Herbalife, Unicity... who knows what else...
Posted: Fri Aug 01, 2014 6:52 pm
Can we take a moment to discuss these scam companies coming to leach the money out of a now developing middle class? And yes, to the organizers of these organizations, I just called you a scam. Please try to sue me... it would be comical. There are endless mathematical formulas that show why yours is a doomed system for any but the elite that are on top of the pyramid. And selling a product doesn't make it not a pyramid... despite what US law says.
On to the discussion... I have heard countless reports of Khmer people getting suckered by these companies. And not the nouveau riche Khmers, who can absorb such a thing and move on, but the subsistence farming families/etc... apparently a common scheme is to approach university students before or as they graduate (the one member of the family that the whole family chipped in to send to school so they could have a brighter future) and offer them these amazing "jobs". They glamour them with fancy cars, nice suits, sharp haircuts, lots of expensive jewelry... and tell them all of this could be theirs as well, if they make the investment. The students eat it up, as that's what supposed to happen after university right? A nice new job earning good money? They go home and tell the family about this great new job, who then sell off the buffalo and their motorbike to make it happen, and the jackass that approached them walks away laughing (with their money in his pocket) as they fail to sell products nobody wants and everyone else they know is trying to sell as well.
While the ideal solution to this would be a government intervention, I find it highly unlikely. For one too many first world countries have failed to step in via one loophole or another (like the product loophole), and even if that were not the case these guys DO have money (that they leached off of Khmers, or the poor/middle class in some other country before setting their sights on this one) and can pay the needed bribes to not be bothered.
The second most ideal solution, to my mind, is education. Spreading the word to the Khmer that it's a scam and how it fails to work/etc. But honestly I don't see that working well either. People in western countries fall for this shit all of the time... and they SHOULD know better. These salesmen are slick though.
The next solution isn't really ideal at all... but could potentially work. Scare them. As in expats who give a shit about the country and its people give these guys a nice spook at one of their "rallies". Join it and really lay into them while they're on stage/etc making them look like the degenerate scum they are. Continue it any time they have one, rotating people so they can't ban it. Maybe even figure out where they drink and have some more colorful words with them in private expressing how we feel about what they're doing to the people here. I don't know... I just think these guys need to get their tree shaken a little bit.
Open for other suggestions/input. Will be interesting to see what HotRecruiter has to say on it, as at one point at least his job was about selling hopeless dreams to people as well. Seems like he's moved onto other products now though... presumably legit ones from the sound of it.
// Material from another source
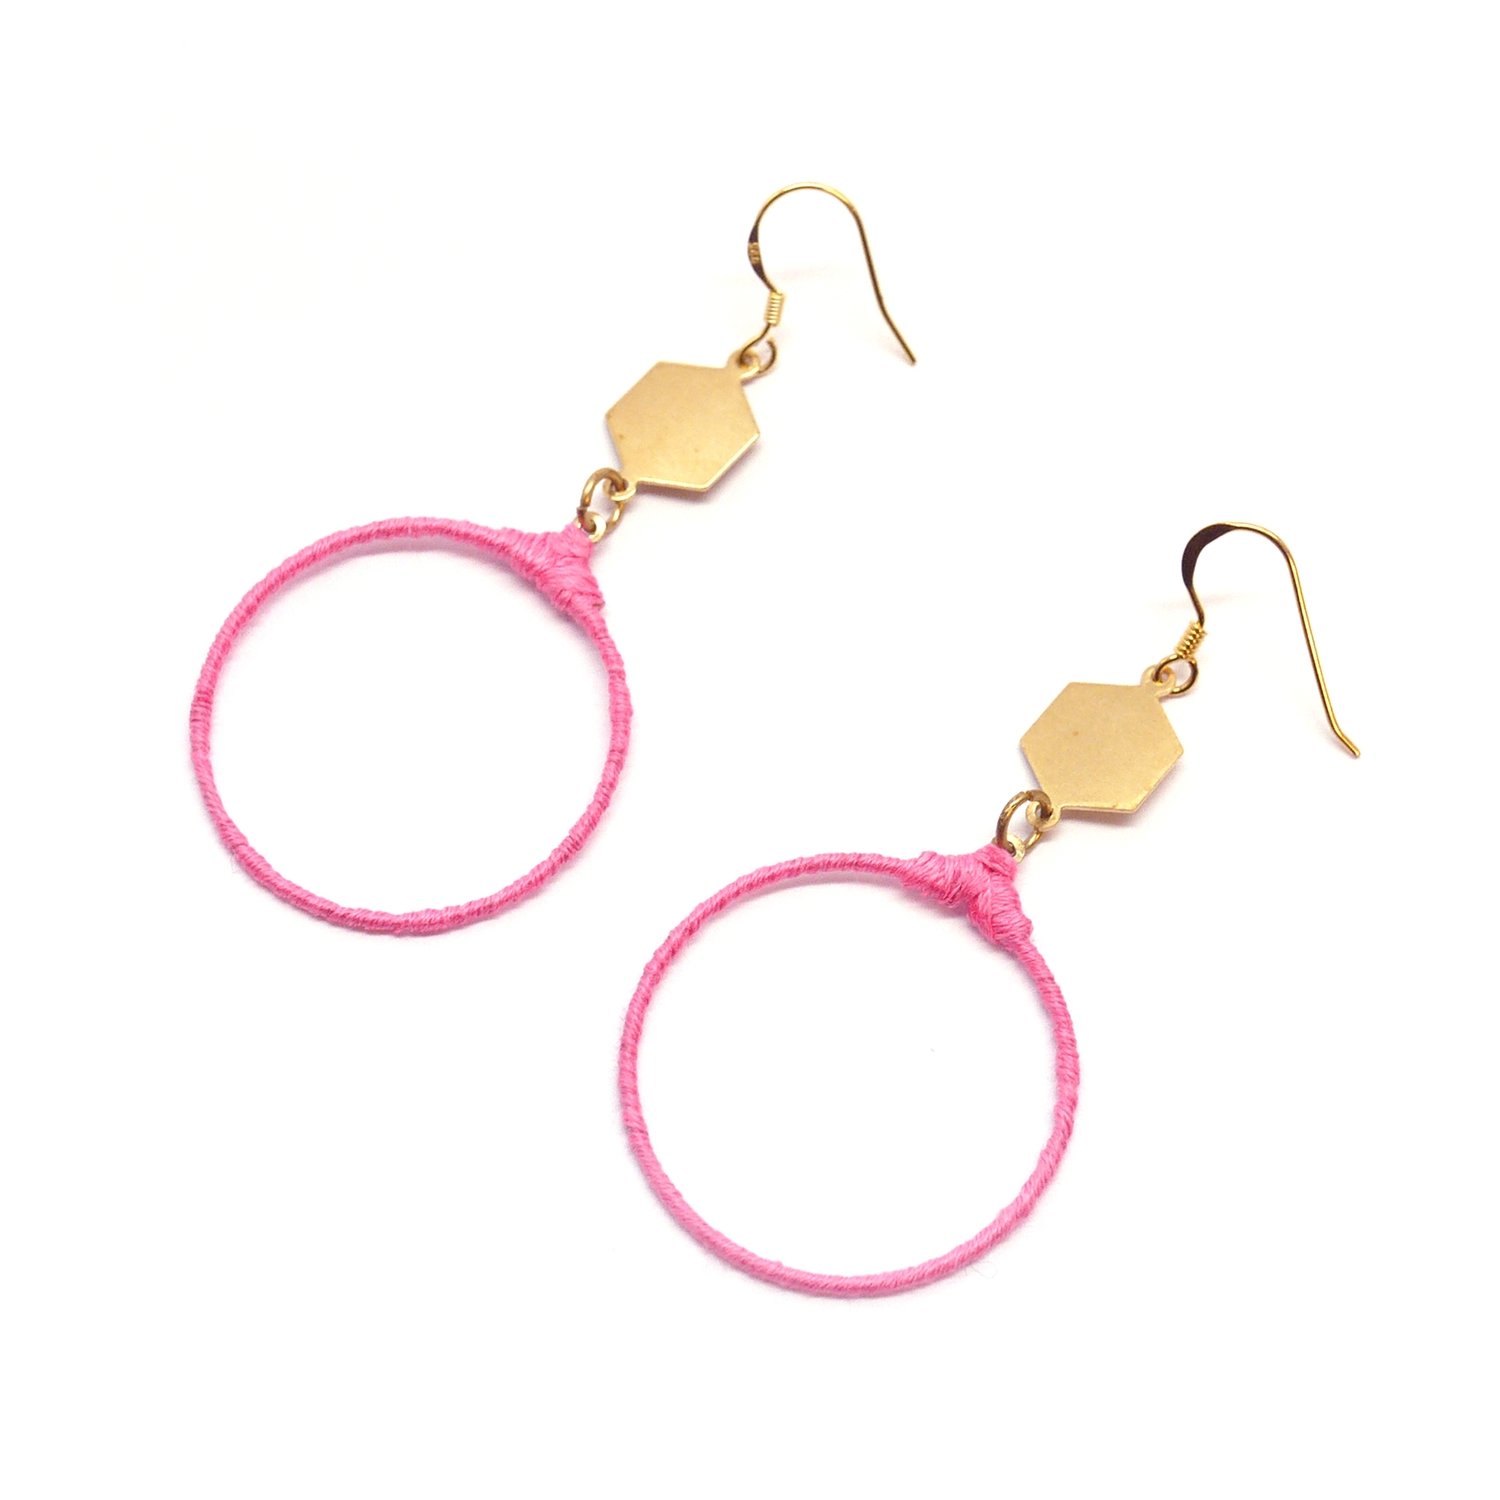 Flamingo pink earrings - designer shop, Gifts For Her, Fashion Accessories

On to the discussion... I have heard countless reports of Khmer people getting suckered by these companies. And not the nouveau riche Khmers, who can absorb such a thing and move on, but the subsistence farming families/etc... apparently a common scheme is to approach university students before or as they graduate (the one member of the family that the whole family chipped in to send to school so they could have a brighter future) and offer them these amazing "jobs". They glamour them with fancy cars, nice suits, sharp haircuts, lots of expensive jewelry... and tell them all of this could be theirs as well, if they make the investment. The students eat it up, as that's what supposed to happen after university right? A nice new job earning good money? They go home and tell the family about this great new job, who then sell off the buffalo and their motorbike to make it happen, and the jackass that approached them walks away laughing (with their money in his pocket) as they fail to sell products nobody wants and everyone else they know is trying to sell as well.
While the ideal solution to this would be a government intervention, I find it highly unlikely. For one too many first world countries have failed to step in via one loophole or another (like the product loophole), and even if that were not the case these guys DO have money (that they leached off of Khmers, or the poor/middle class in some other country before setting their sights on this one) and can pay the needed bribes to not be bothered.
The second most ideal solution, to my mind, is education. Spreading the word to the Khmer that it's a scam and how it fails to work/etc. But honestly I don't see that working well either. People in western countries fall for this shit all of the time... and they SHOULD know better. These salesmen are slick though.
The next solution isn't really ideal at all... but could potentially work. Scare them. As in expats who give a shit about the country and its people give these guys a nice spook at one of their "rallies". Join it and really lay into them while they're on stage/etc making them look like the degenerate scum they are. Continue it any time they have one, rotating people so they can't ban it. Maybe even figure out where they drink and have some more colorful words with them in private expressing how we feel about what they're doing to the people here. I don't know... I just think these guys need to get their tree shaken a little bit.
Open for other suggestions/input. Will be interesting to see what HotRecruiter has to say on it, as at one point at least his job was about selling hopeless dreams to people as well. Seems like he's moved onto other products now though... presumably legit ones from the sound of it.